Quem passa nas estradas que envolvem os arrozais do estuário do Tejo nem se apercebe, mas por estes dias os talhões cobertos de água estão habitados por milhares de maçaricos-de-bico-direito (Limosa limosa), que se preparam para a longa viagem até aos locais de reprodução, no Norte da Europa.

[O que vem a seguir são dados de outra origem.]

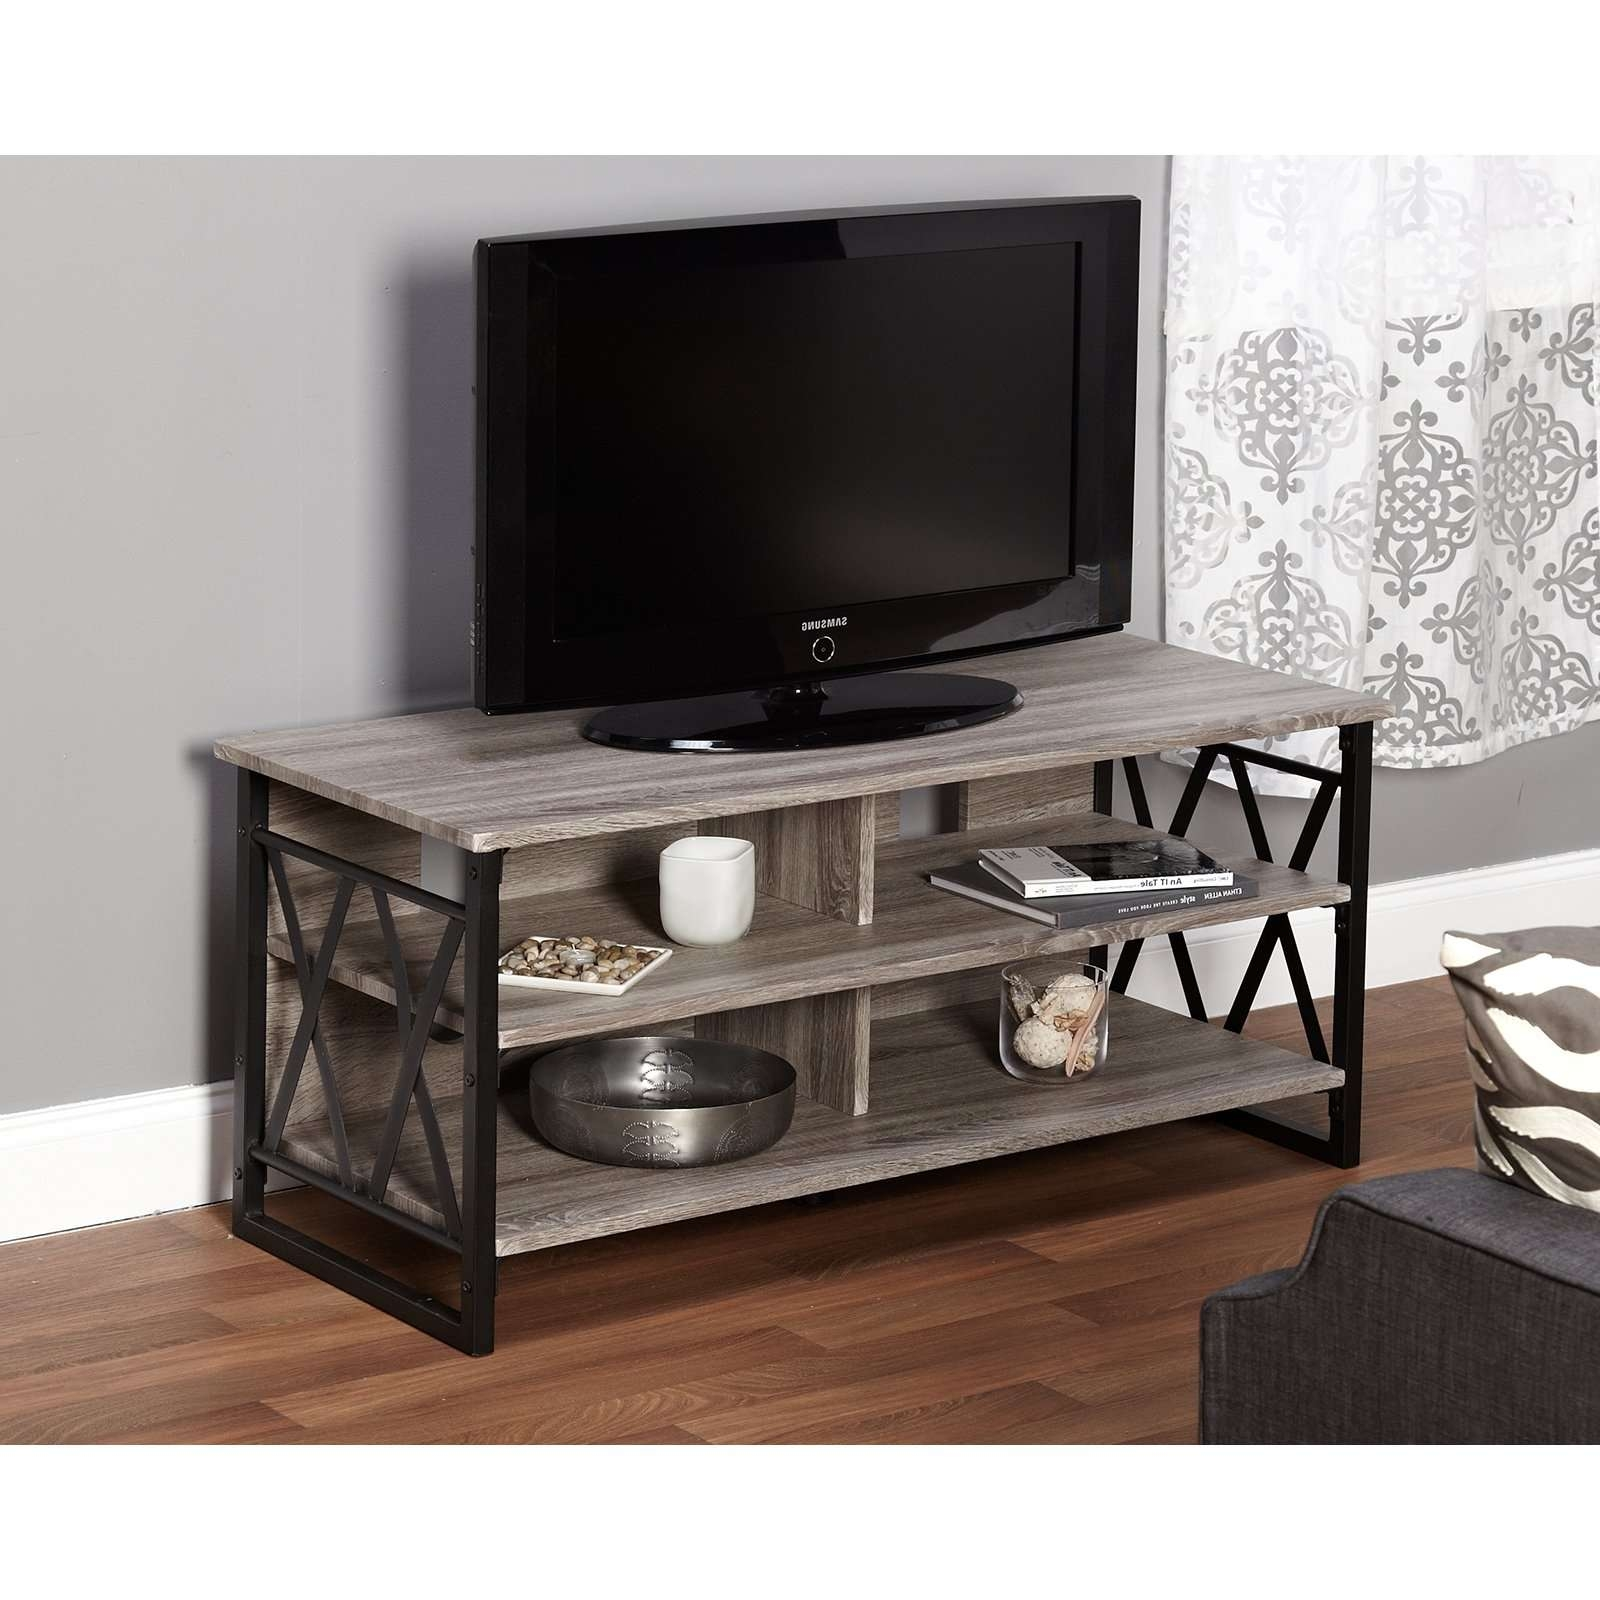 Belham Living Edison Reclaimed Wood Tv Stand   Hayneedle With Reclaimed Wood And Metal Tv Stands (View 11 of 15)

Atento à sua localização e com várias noites perdidas para tentar capturar, temporariamente, algumas destas aves, colocando-lhes pequenos transmissores, o biólogo Afonso Rocha integra uma equipa de investigadores da Universidade da Estremadura (Uex), em Espanha, que quer perceber como é que as alterações e perda de habitat nos tradicionais locais de paragem das aves migradoras estão a afectar o seu stress oxidativo. É que isso pode influenciar o futuro destas espécies. E, neste momento, o Tejo é o principal local de paragem para os maçaricos.

“Historicamente, os locais mais importantes para a espécie como zona de paragem, durante a rota de migração, eram Doñana, no Sul de Espanha, e em Portugal o estuário do Tejo, mas devido à seca e à utilização cada vez maior de água pela agricultura, nessas zonas de Doñana, e também nos arrozais da Extremadura [espanhola], o habitat disponível tem estado a reduzir-se e o Tejo, nos últimos anos, também aumentou a sua área de arrozal e tem estado a aumentar a sua importância a nível populacional para a espécie, nota o biólogo.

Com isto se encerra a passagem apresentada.